_What this task involves:_ When you write out the listing, keep each word exactly as it stands but include none of its images.

_Material provided:_
-=-=-
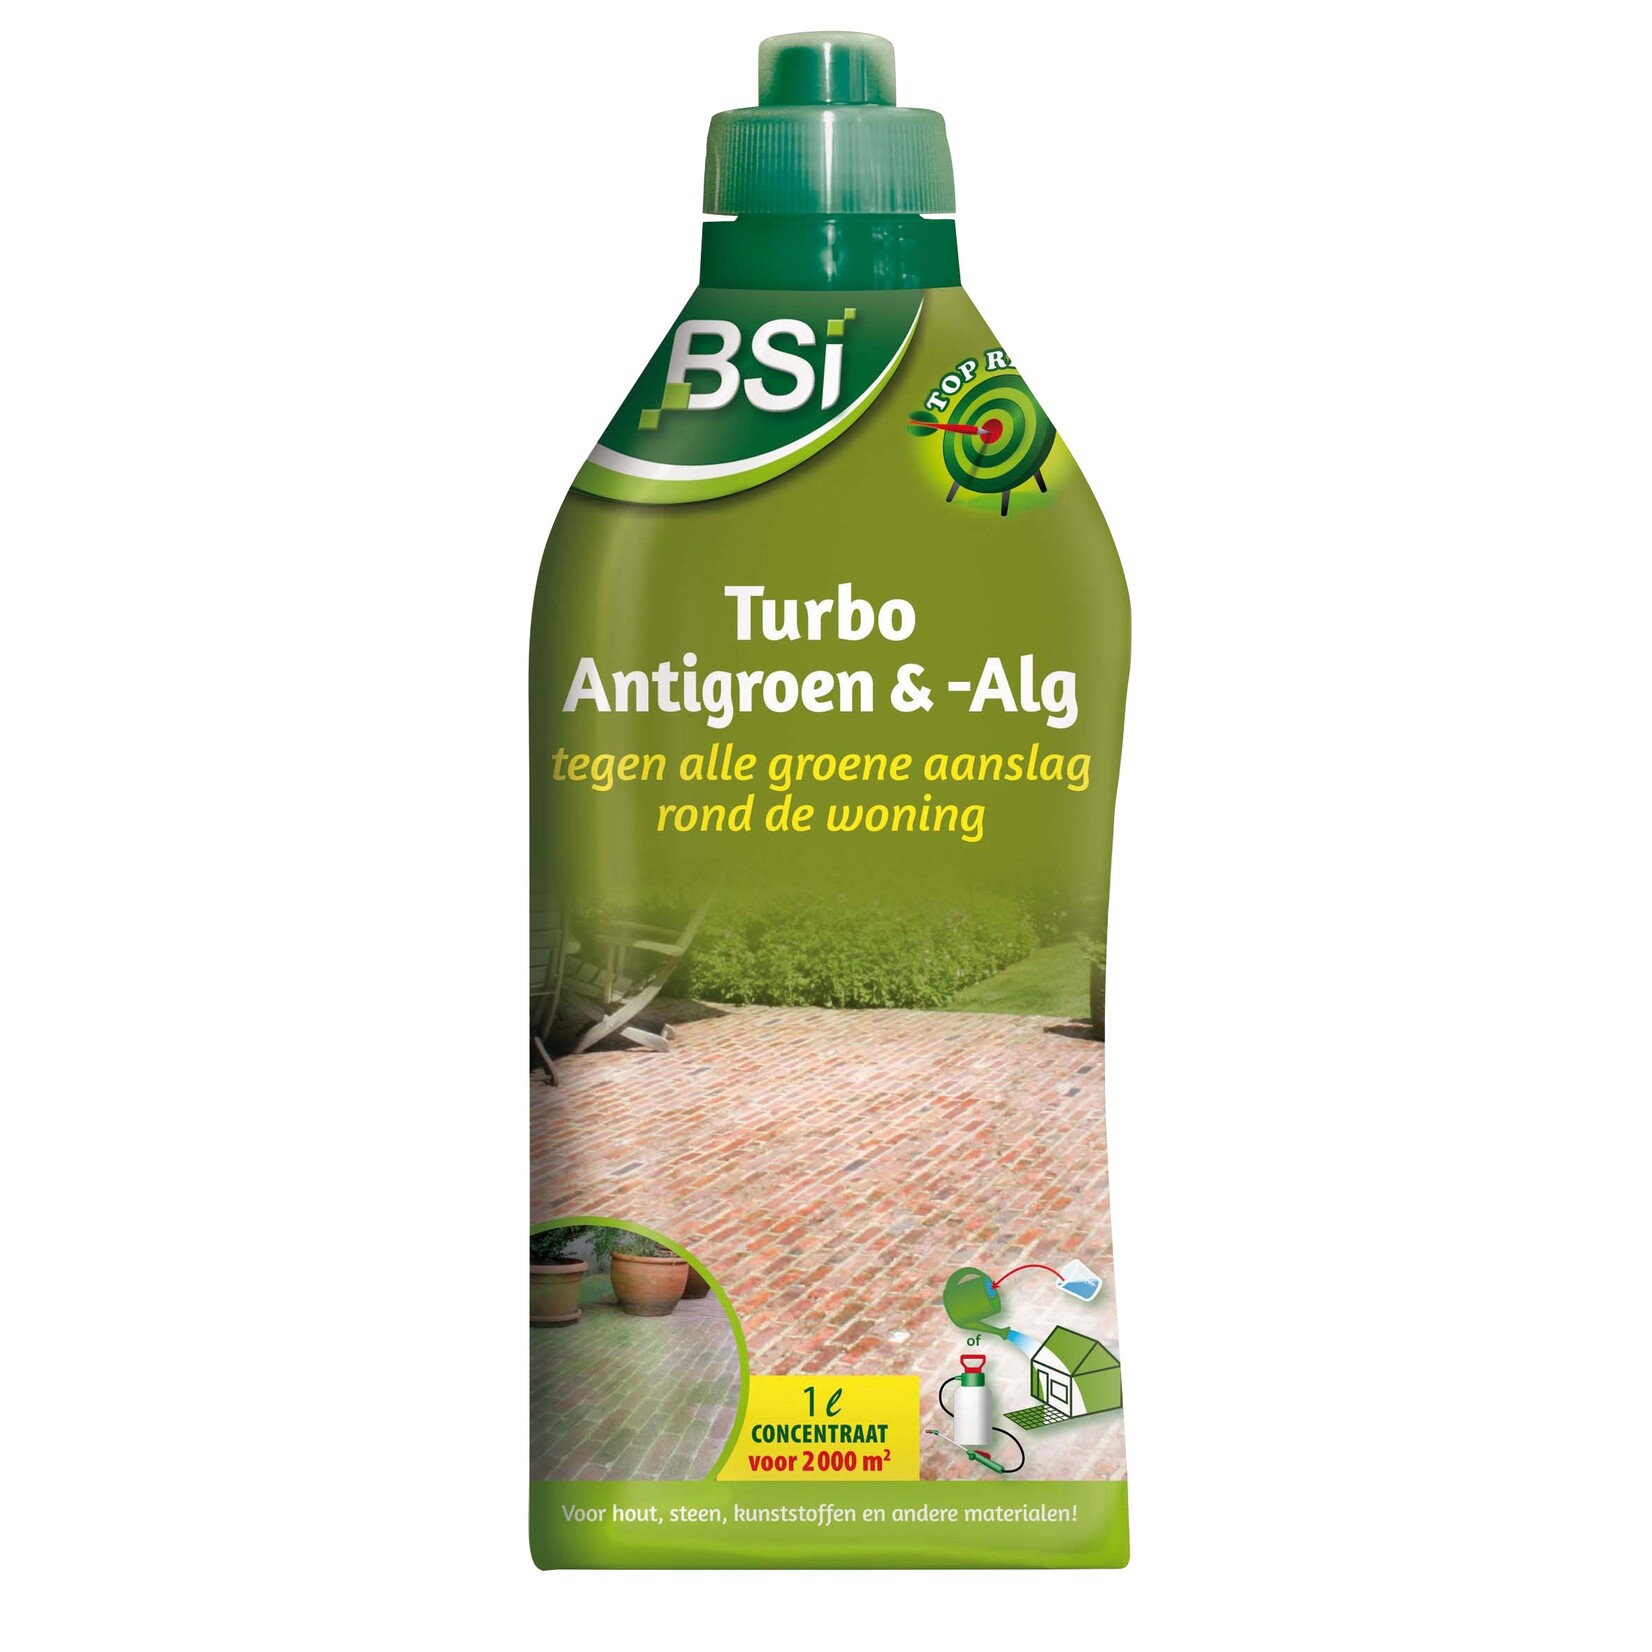 BSi Turbo Anti Groen & Alg 1 Liter (Concentraat)
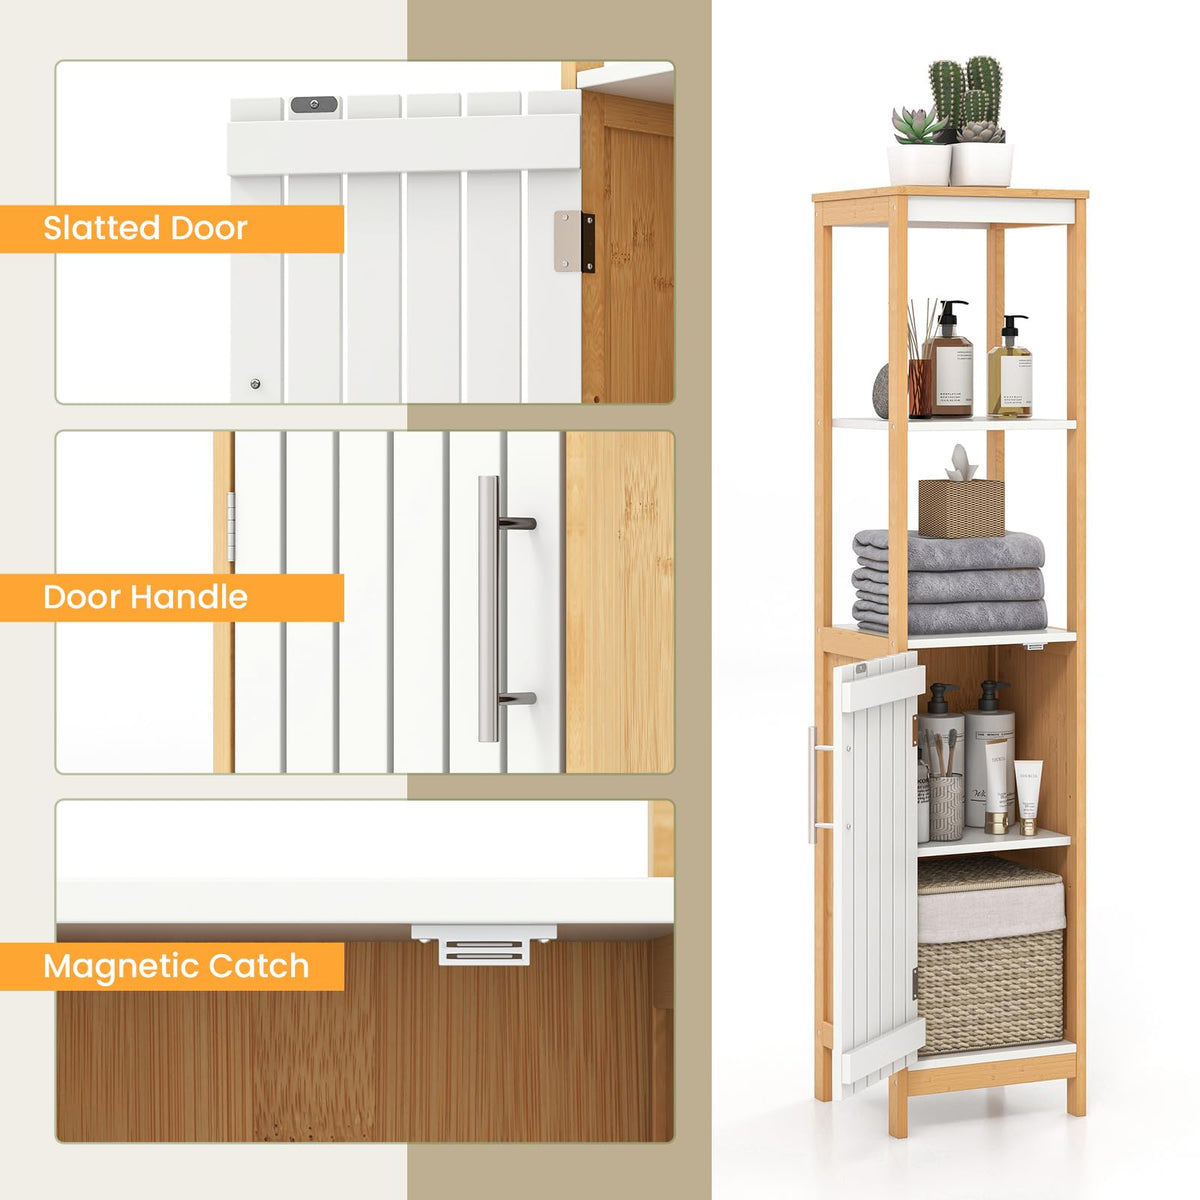 Giantex Bathroom Floor Cabinet, Narrow Freestanding Storage Cabinet with Door
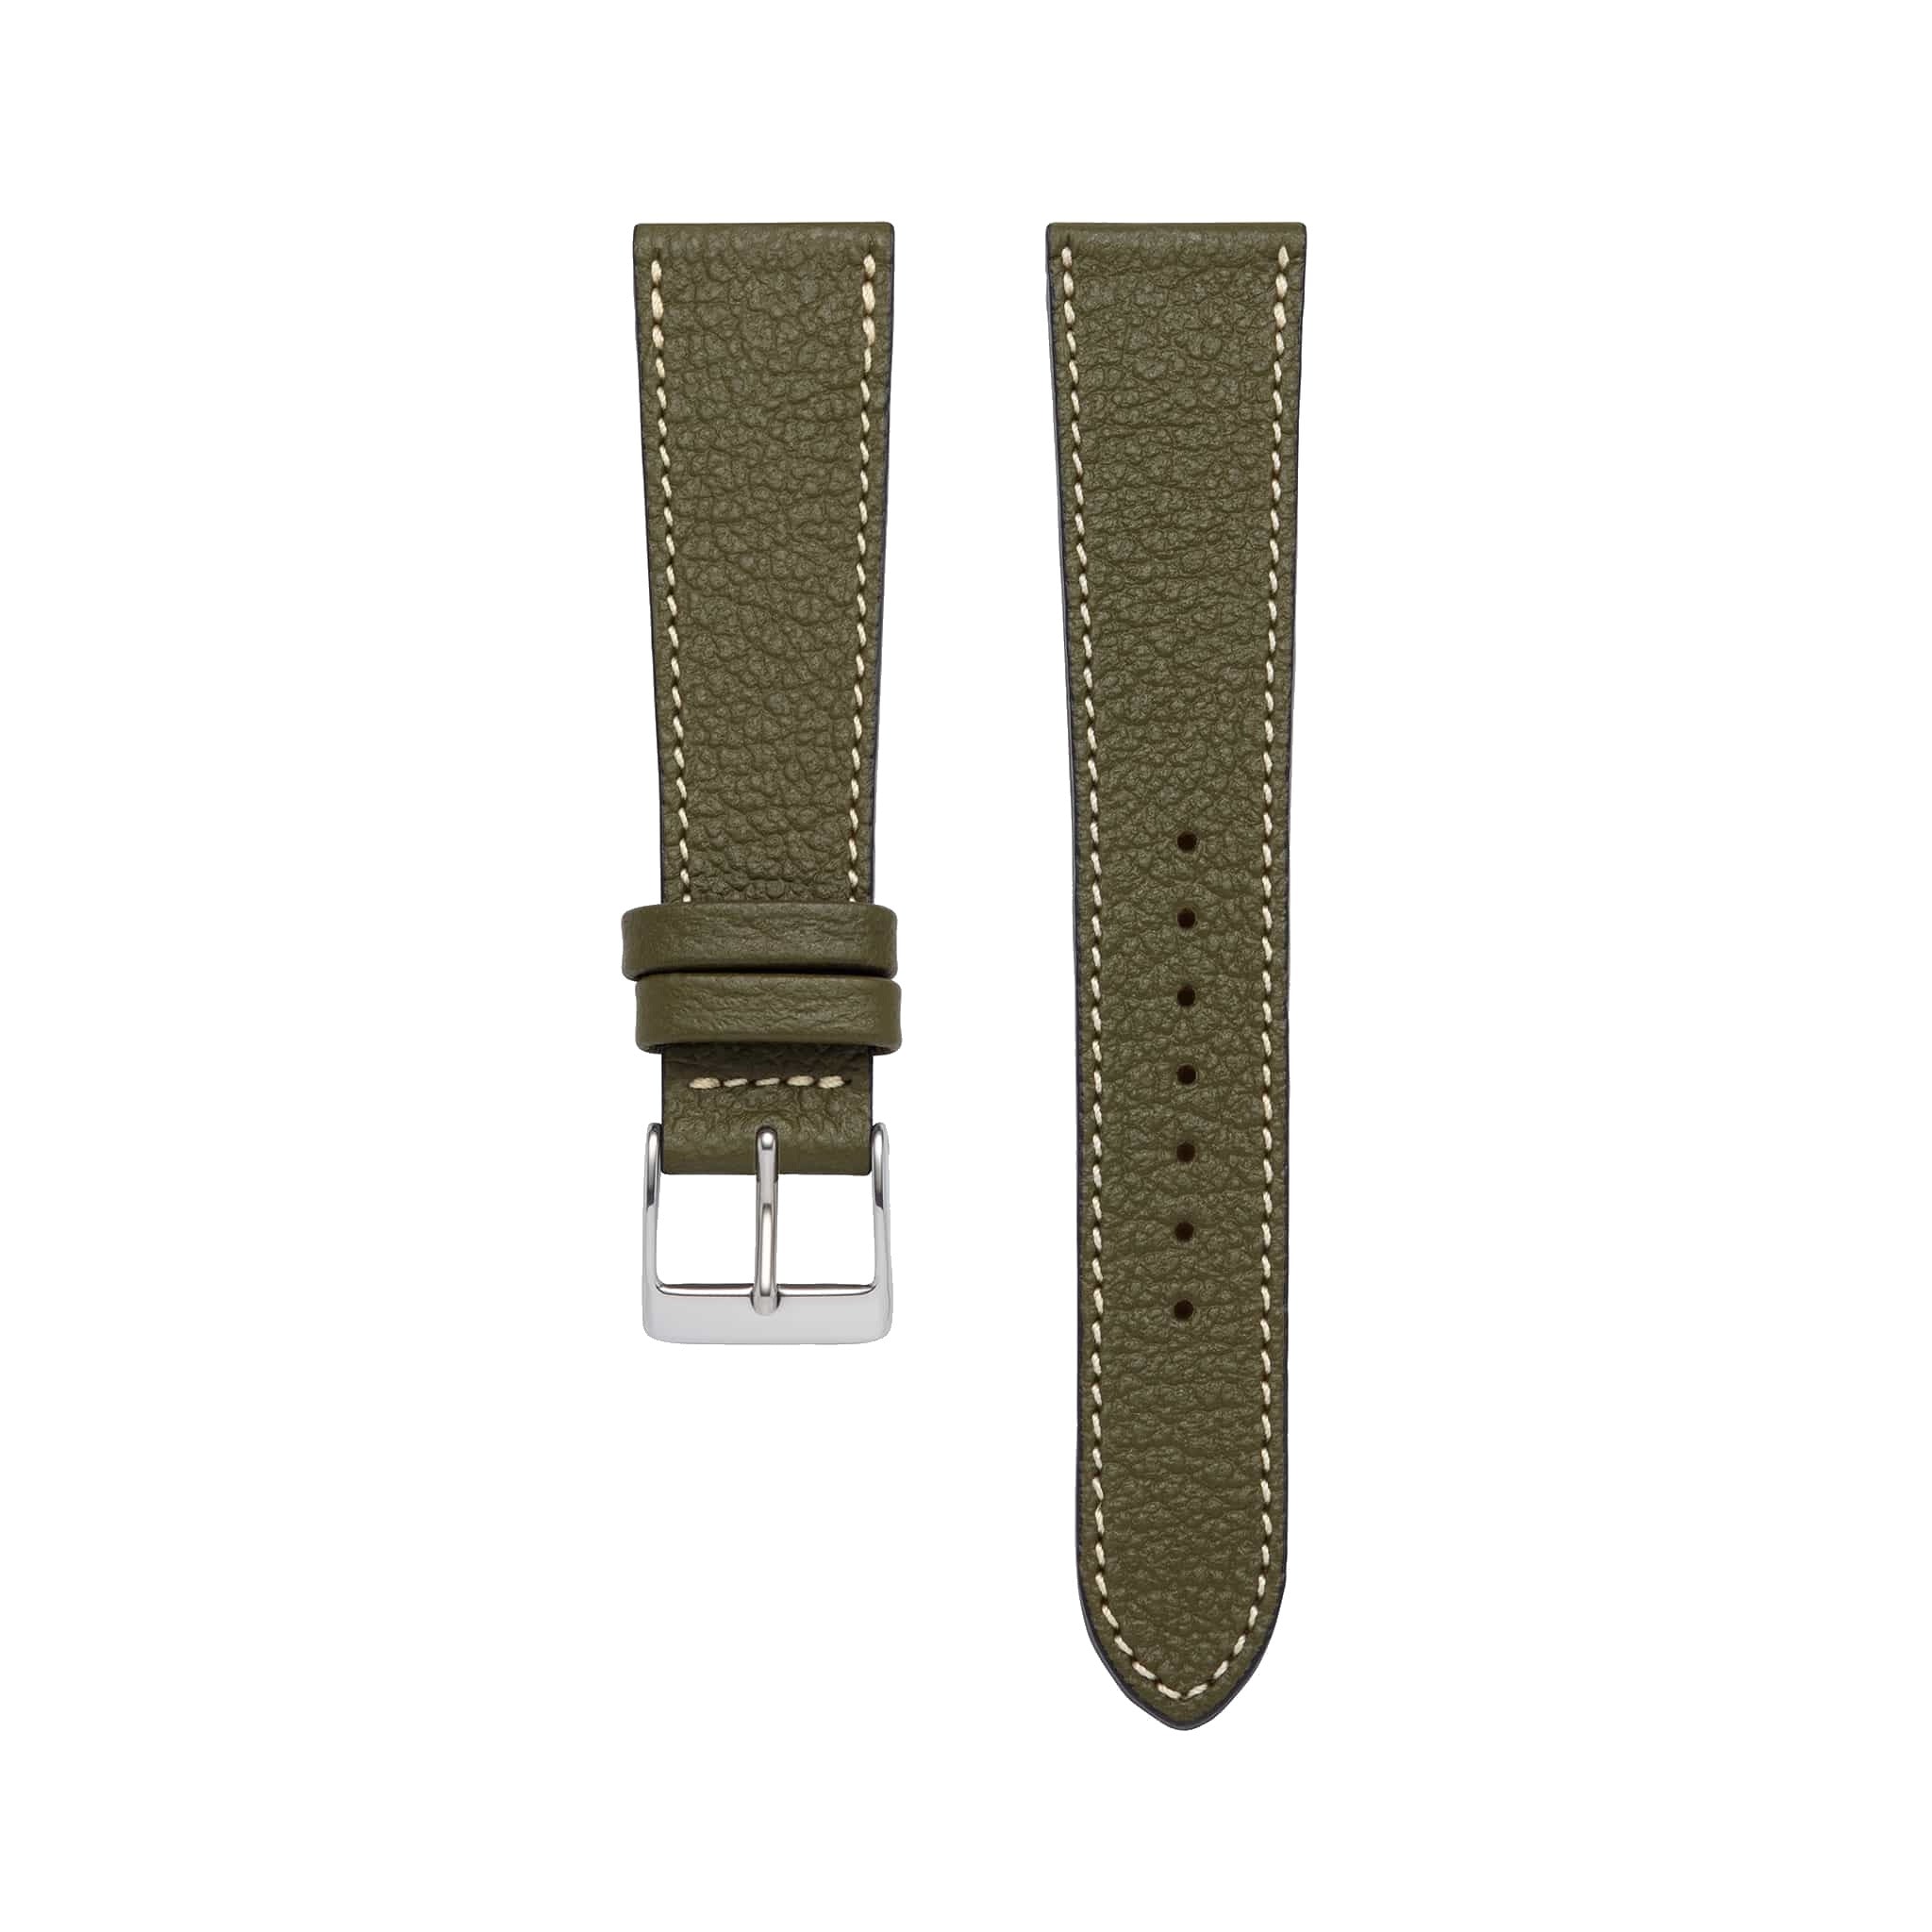 Goat Leather Slim | Armband aus Ziegenleder kompatibel mit Apple Watch-Olivgrün-BerlinBravo
-=-=-
_Response to the task:_
 BSi Turbo Anti Groen & Alg 1 Liter (Concentraat)
 Giantex Bathroom Floor Cabinet, Narrow Freestanding Storage Cabinet with Door
 Goat Leather Slim | Armband aus Ziegenleder kompatibel mit Apple Watch-Olivgrün-BerlinBravo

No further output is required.